Extract symptoms from the text. Note: currently we treat all tokens as symptoms need to add all the filters discussed in the paper later. So we added a column called "SYMPTOMS" which is simply tokenized form of "TEXT" after basic sanitization.

In [15]:
sgen = MySentences(df_dataset)
symptom_col = list()
for s in sgen:
  symptom_col.append(s)

# add the new column to the dataset.
df_dataset["SYMPTOMS"] = symptom_col

## Generate Word2Vec Embeddings

Word2Vec training using gensim.

In [16]:
# NOTE: commenting this part so that we dont run this by mistake.

# import gensim
# sgen = MySentences(df_dataset) # a memory-friendly iterator
# model = gensim.models.Word2Vec(sgen, min_count=5, workers=4, sample=1e-05)
# model.save("/content/drive/My Drive/DLH Final Project/mimic3/word2vec-4.model")
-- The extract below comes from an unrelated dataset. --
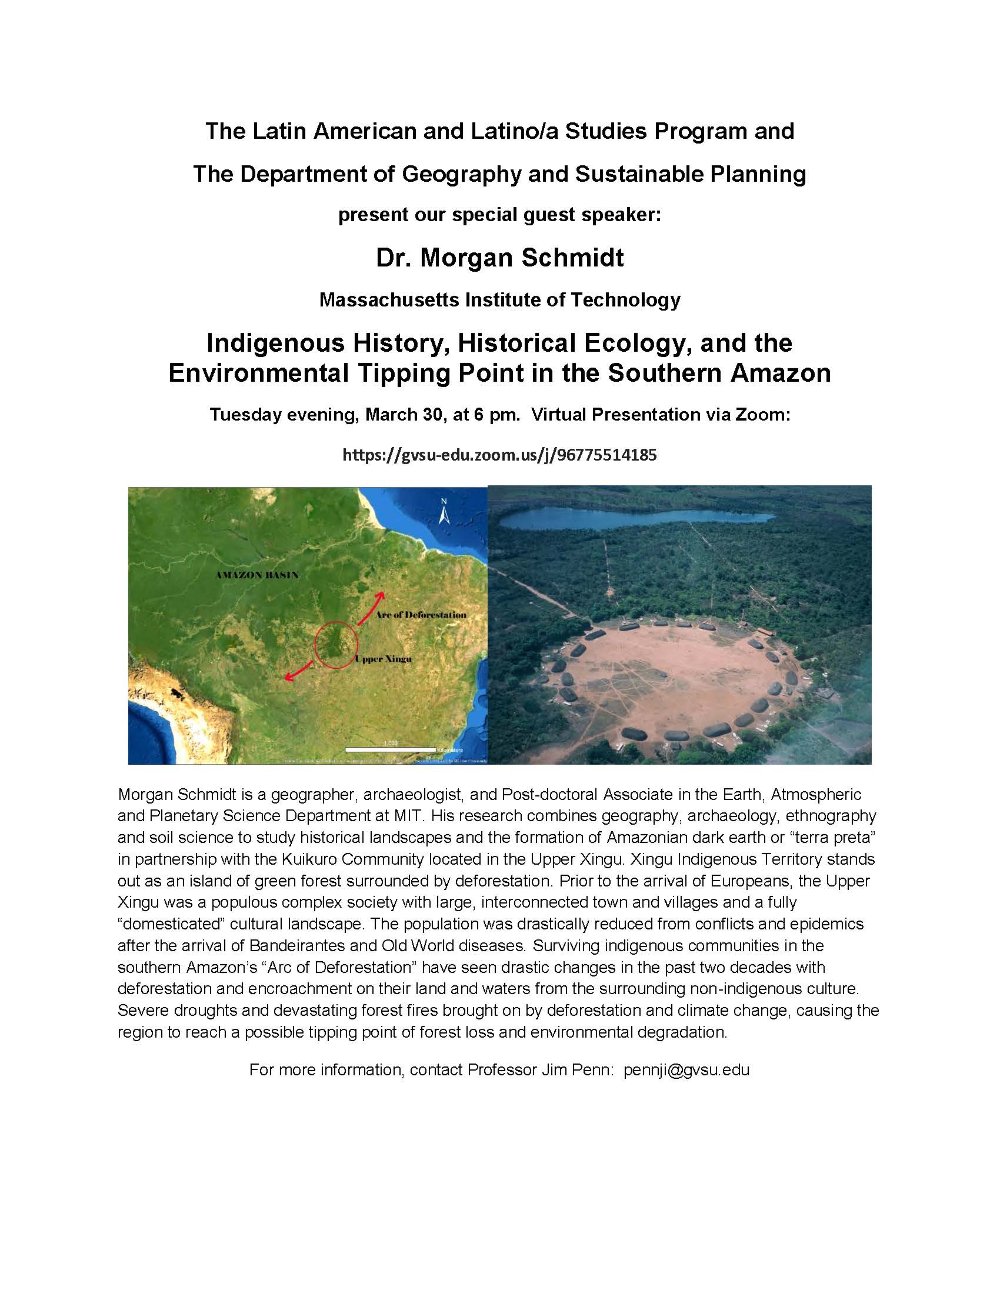 A flier for the Indigenous History, Historical Ecology, and the Environmental Tipping Point in the Southern Amazon event

## Construct dataset with Word2Vec embeddings

In [17]:
from gensim.models import Word2Vec
model = Word2Vec.load('/content/drive/My Drive/DLH Final Project/mimic3/word2vec-4.model')

In [18]:
X_word2vec = list()
for idx in range(len(df_dataset)):
  # ignore words in not vocabulary
  symptoms = df_dataset["SYMPTOMS"][idx]
  symptoms_emb = [model.wv[s] for s in symptoms if s in model.wv]
  X_word2vec.append(symptoms_emb)

# pad the dataset.
# X_word2vec = pad_dataset(X_word2vec)

In [19]:
# import pickle
# pfile = open("/content/drive/My Drive/DLH Final Project/X_word2vec", "ab")
# pickle.dump(X_word2vec, pfile)
# pfile.close()

# Construct data with TF-IDF encoding

In [20]:
import numpy as np
import itertools

vocab_size = len(model.wv)
tf = np.zeros((len(model.wv), len(top_icd_codes)))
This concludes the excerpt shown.